然后,关于数据库表中数百万行的数据本身并不重要:一个体面的数据库系统的存在理由是应对具有数百万行的表。但是,您需要确保从数百万个实际检索哪些行的规范是明智的,并且所讨论的查询可能偏离适当的索引(例如,由于用户输入的参数以缩小它们)。 “添加索引”并不是一个神奇的灵丹妙药:您需要确保添加的索引适合于查询到达数据库时最终的查找方式。

I wouldn't personally go down the road of adding spurious caching and other layers of complexity until (a) you've actually ascertained that in practice that you need them and (b) you can actually ascertain that the layers you are adding will solve the problem that you want them to solve. If you haven't got round to indexing your database yet, then I would really start by just building a simple, appropriately optimised solution and take it from there.

我不会亲自走上添加虚假缓存和其他复杂层次的道路,直到(a)你实际上确定在实践中你需要它们和(b)你实际上可以确定你添加的层将解决你希望他们解决的问题。如果您还没有完成索引数据库,那么我真的要从构建一个简单,适当优化的解决方案开始,然后从那里开始。

#2


1  

An index is a must with that amount of data or even a faction of that! As far as any other answers goes it really depends on what you plan on doing with that amount of data because one strategy isn't going to cover all use-cases.

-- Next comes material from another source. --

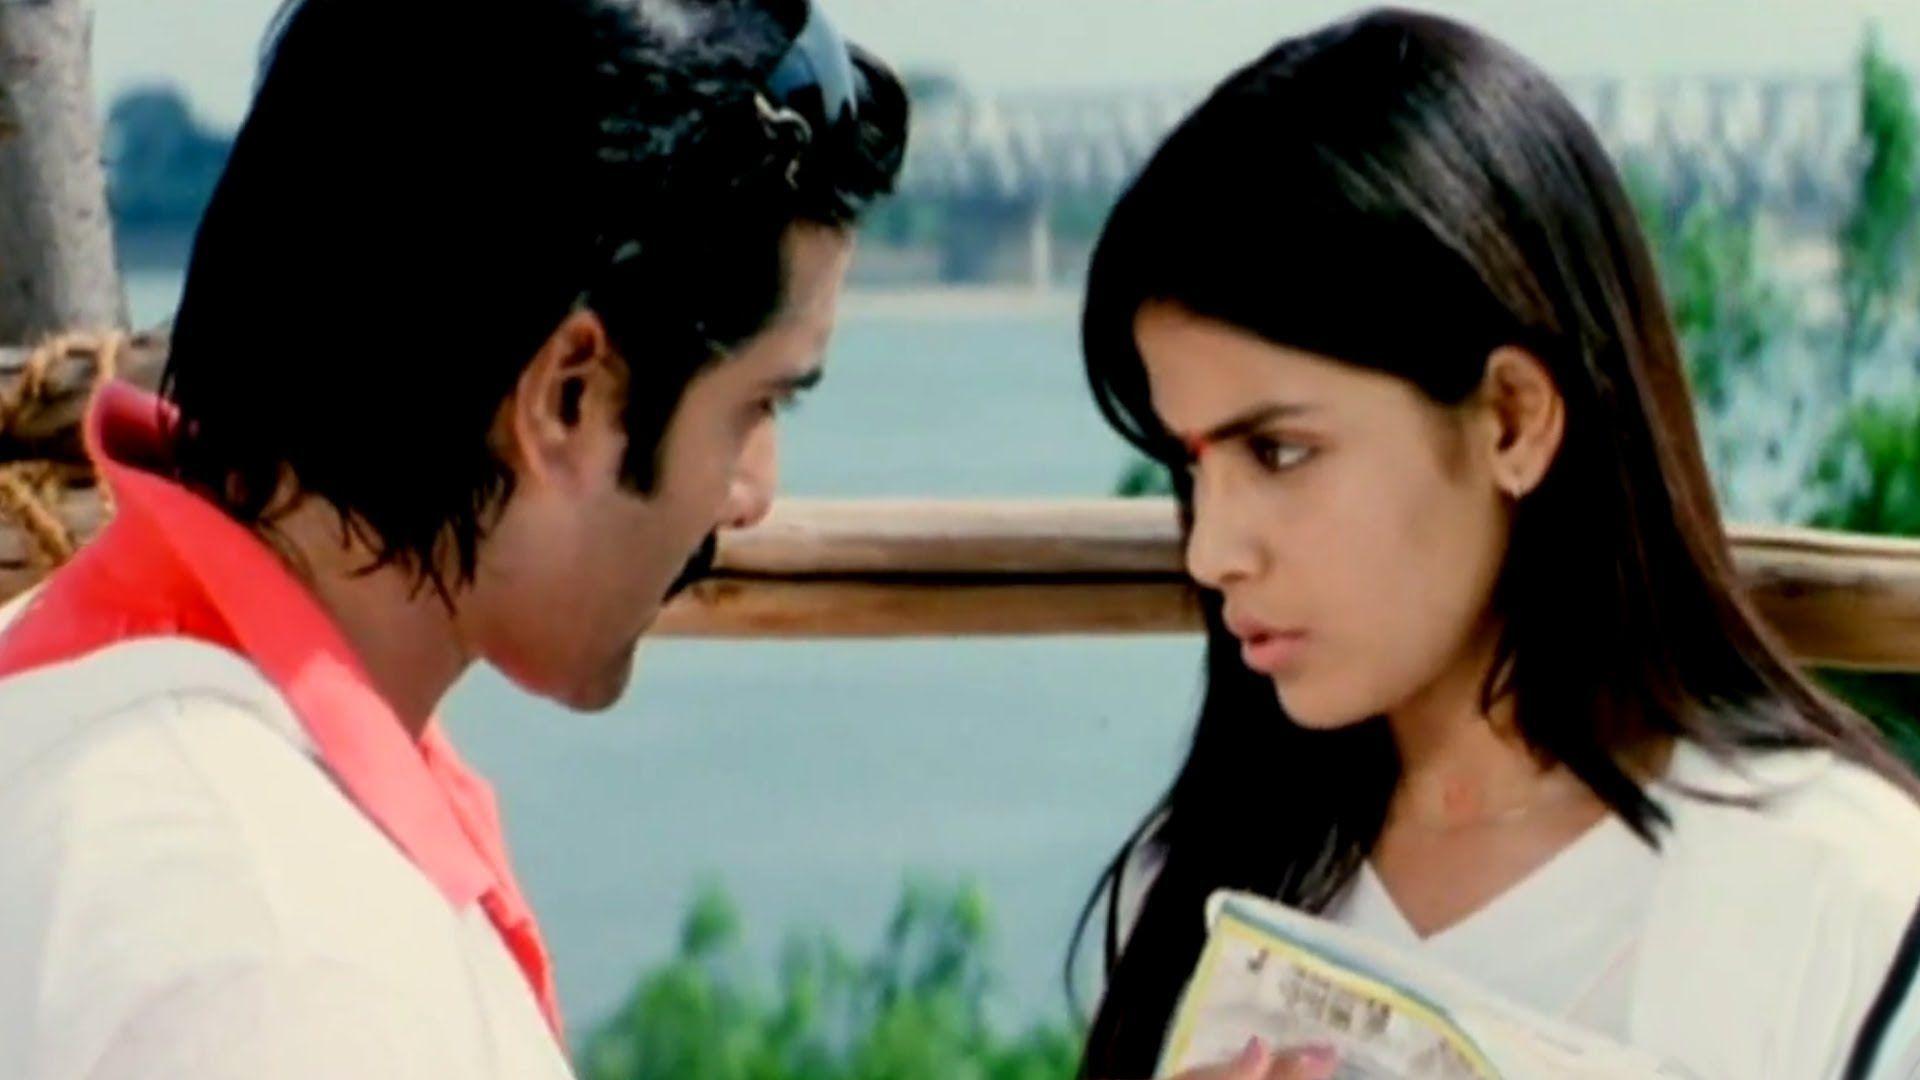 sasirekha parinayam full movie free download
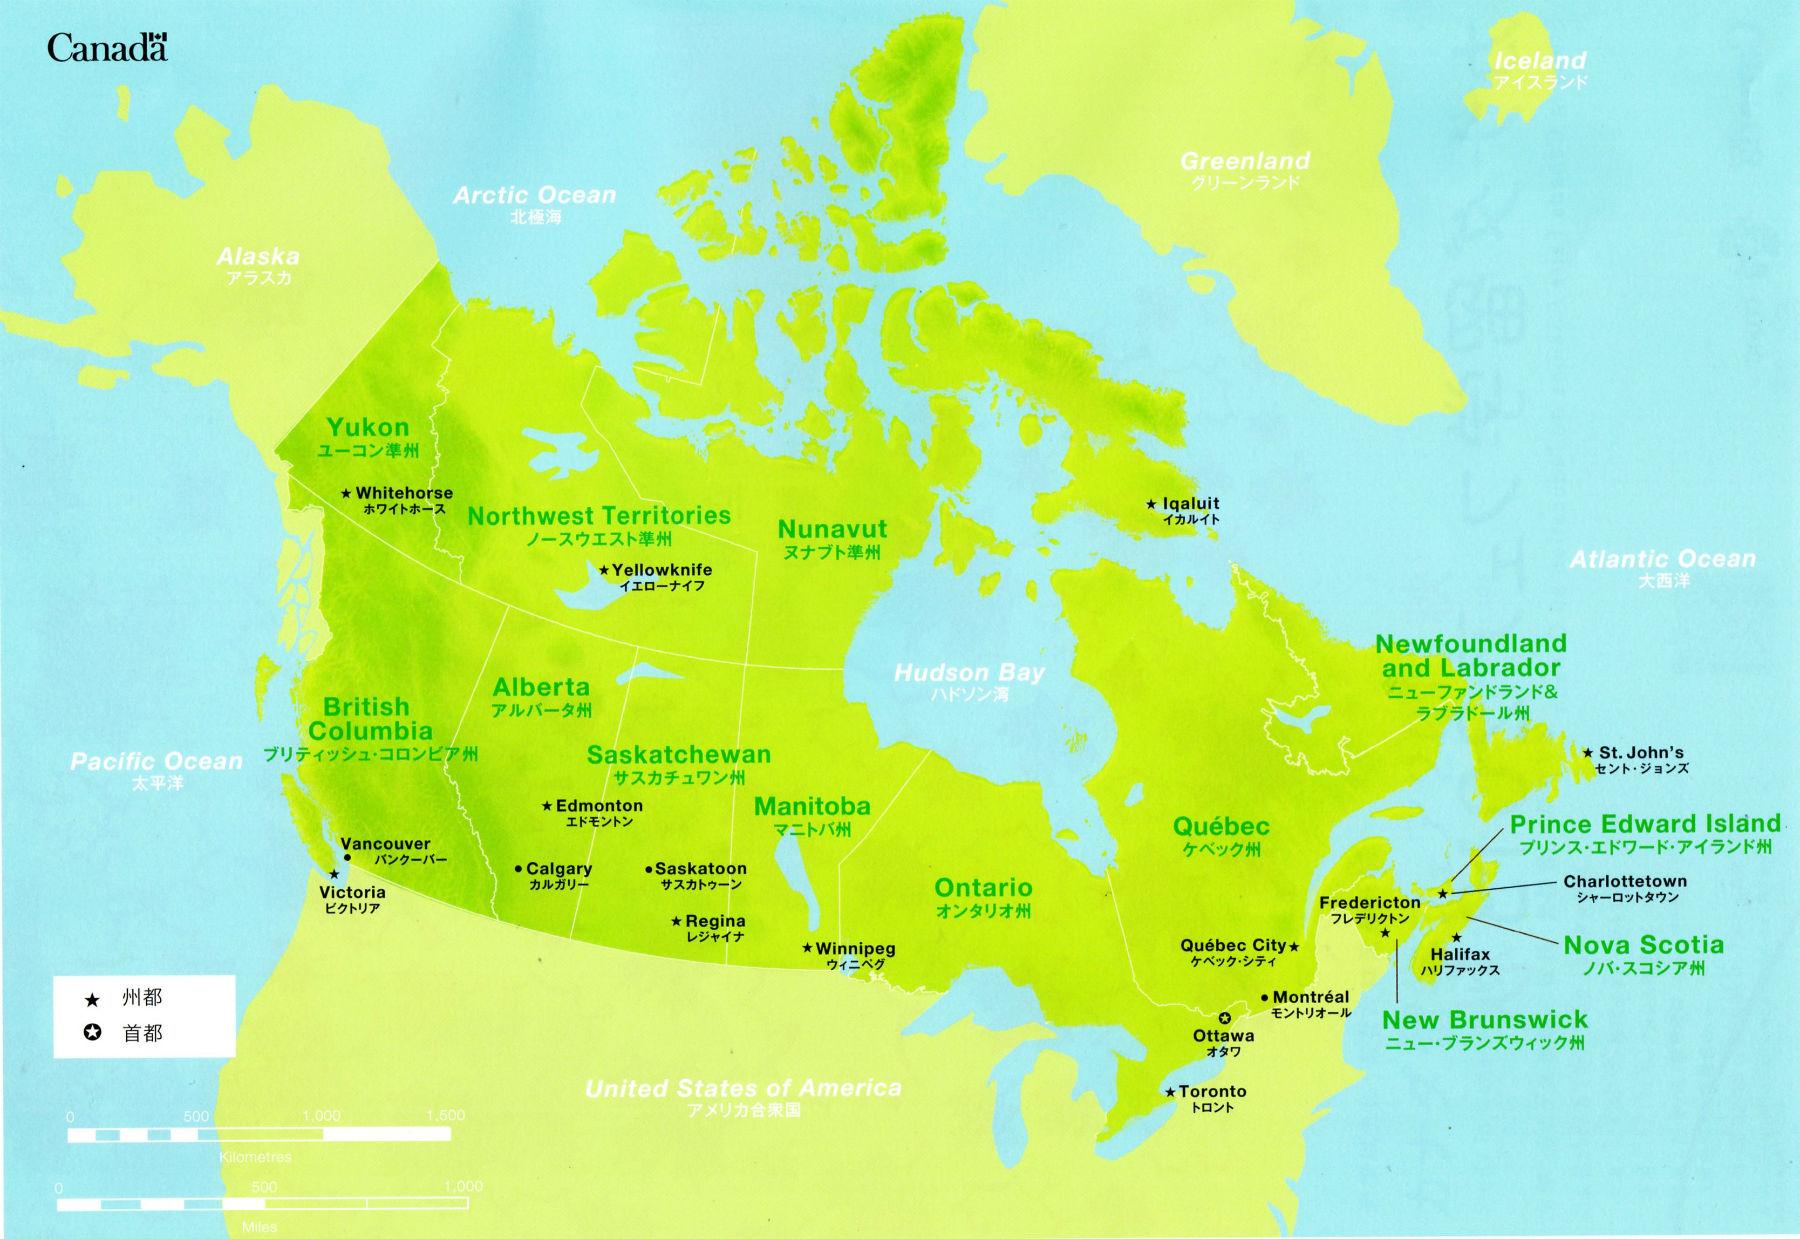 【イベント】カナダ留学フェア2014秋-教育水準は世界トップクラス!世界一生活しやすい多文化共生の国で学ぶ!

索引是必须拥有的数据量甚至是一个派系!就任何其他答案而言,它实际上取决于您计划使用该数据量的计划,因为一种策略不会涵盖所有用例。

#1


2  

Well erm yes you do need to index your database!

嗯,是的,你需要索引你的数据库!

If you're not even indexing your database, then you probably need to start by reading a little bit about how to appropriately index your database.

如果您甚至没有索引数据库,那么您可能需要先阅读一些关于如何正确索引数据库的内容。

Then, it shouldn't matter per se about the number of millions of rows in your database tables: the very raison d'etre of a decent database system is to cope with tables with millions of rows. But you will want to make sure is that the specification of which rows are actually retrieved from those millions is sensible and that the queries in question can go off appropriate indexes (e.g. because of parameters entered by the user to narrow them down). "Adding an index" isn't a magical panacea necessarily: you need to make sure that you have indexes added that are appropriate to how your queries end up looking by the time they hit the database.

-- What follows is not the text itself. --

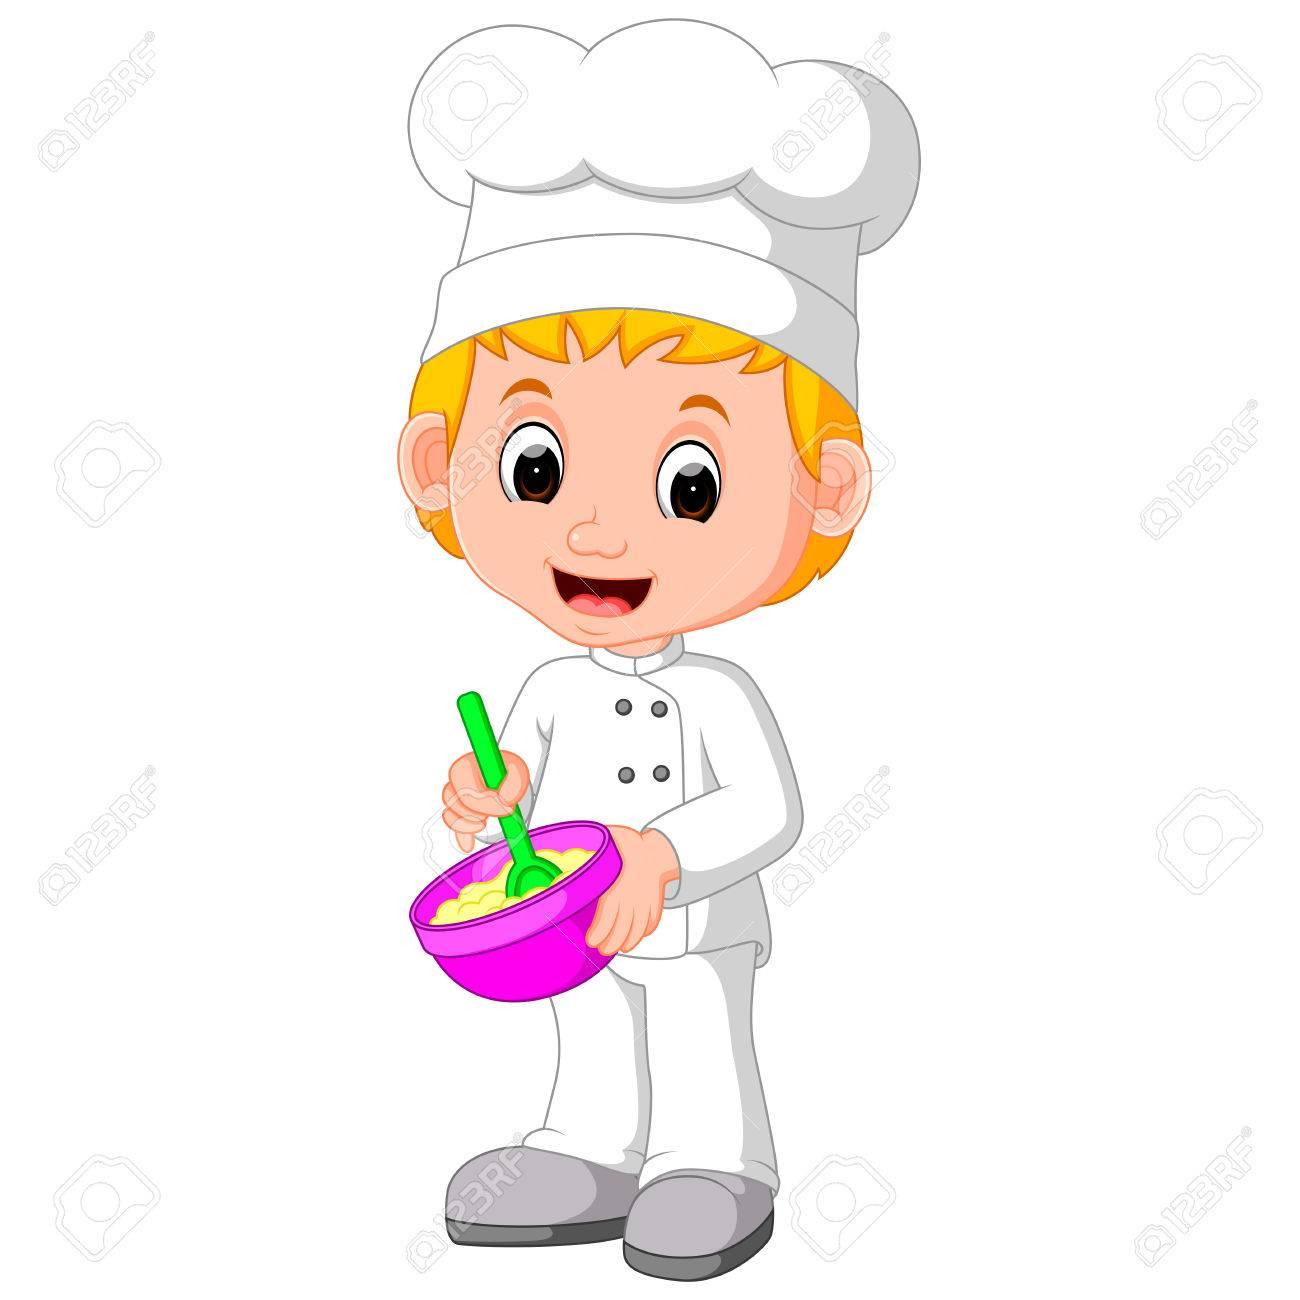 cute chefs make bread - 76848931

然后,关于数据库表中数百万行的数据本身并不重要:一个体面的数据库系统的存在理由是应对具有数百万行的表。但是,您需要确保从数百万个实际检索哪些行的规范是明智的,并且所讨论的查询可能偏离适当的索引(例如,由于用户输入的参数以缩小它们)。 “添加索引”并不是一个神奇的灵丹妙药:您需要确保添加的索引适合于查询到达数据库时最终的查找方式。

I wouldn't personally go down the road of adding spurious caching and other layers of complexity until (a) you've actually ascertained that in practice that you need them and (b) you can actually ascertain that the layers you are adding will solve the problem that you want them to solve. If you haven't got round to indexing your database yet, then I would really start by just building a simple, appropriately optimised solution and take it from there.

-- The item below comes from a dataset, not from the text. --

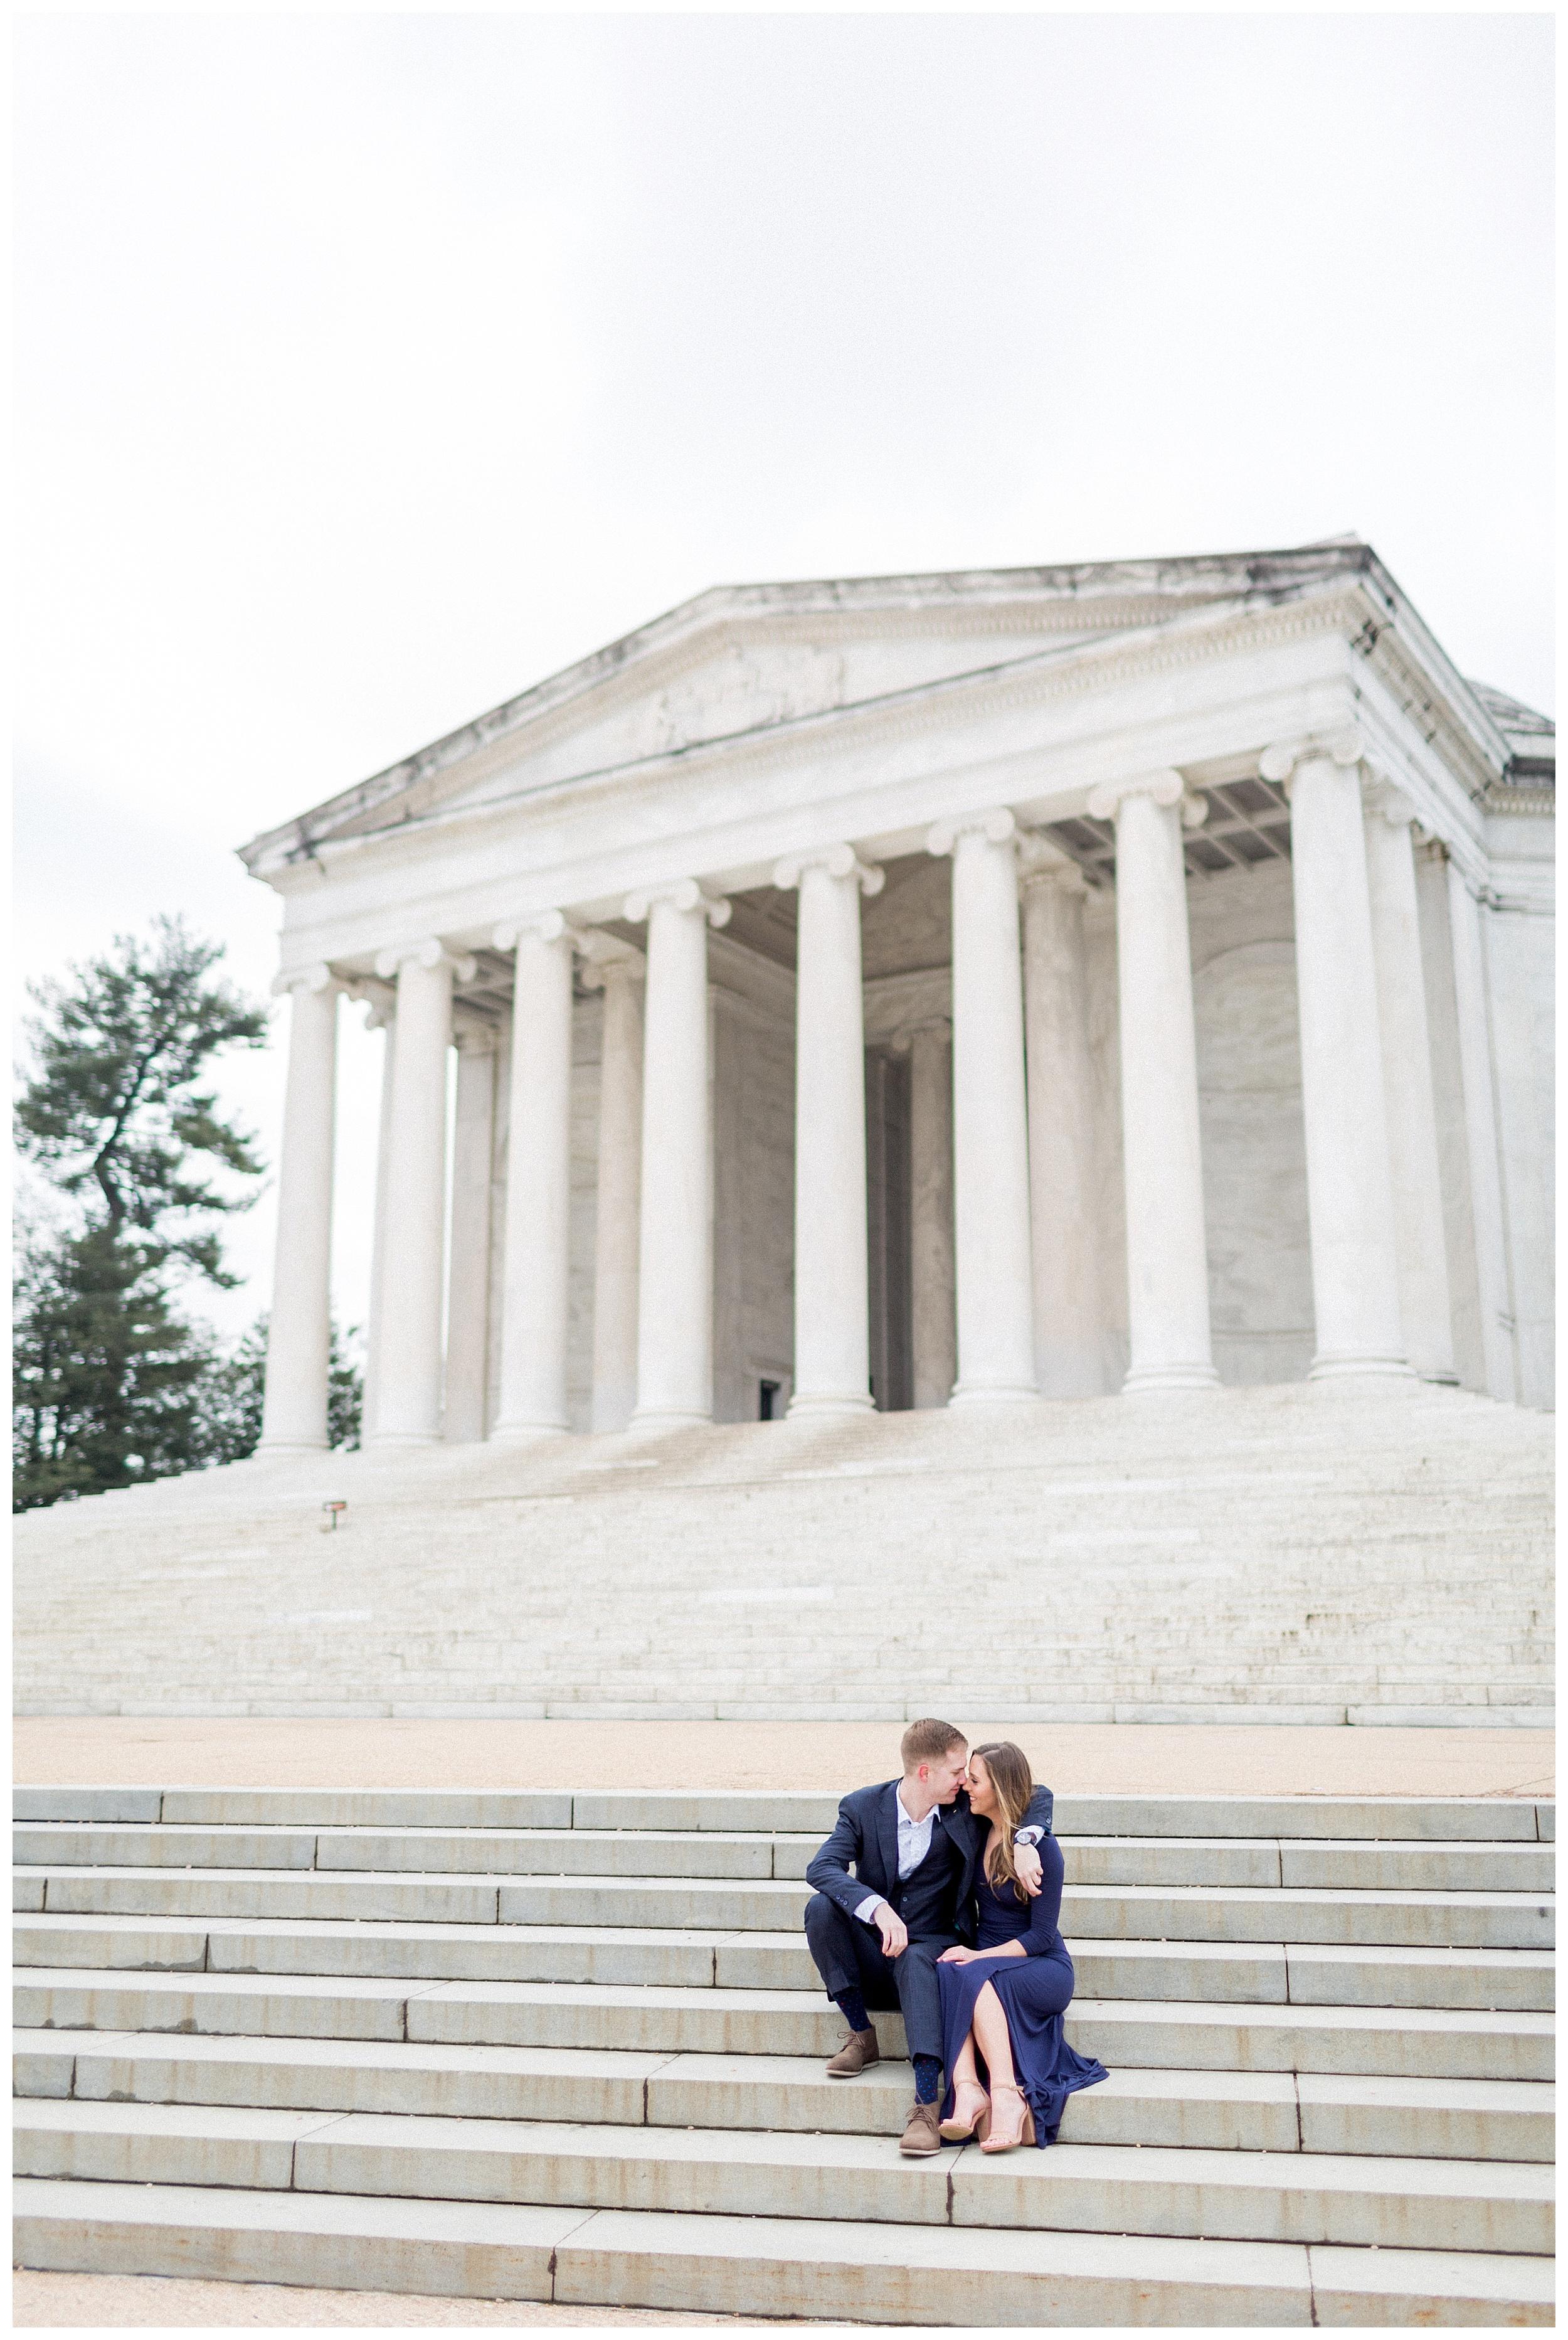 Washingon DC Engagement Photos | Jefferson Memorial Engagement | Kir Tuben_0003.jpg

我不会亲自走上添加虚假缓存和其他复杂层次的道路,直到(a)你实际上确定在实践中你需要它们和(b)你实际上可以确定你添加的层将解决你希望他们解决的问题。如果您还没有完成索引数据库,那么我真的要从构建一个简单,适当优化的解决方案开始,然后从那里开始。

#2


1  

An index is a must with that amount of data or even a faction of that! As far as any other answers goes it really depends on what you plan on doing with that amount of data because one strategy isn't going to cover all use-cases.

索引是必须拥有的数据量甚至是一个派系!就任何其他答案而言,它实际上取决于您计划使用该数据量的计划,因为一种策略不会涵盖所有用例。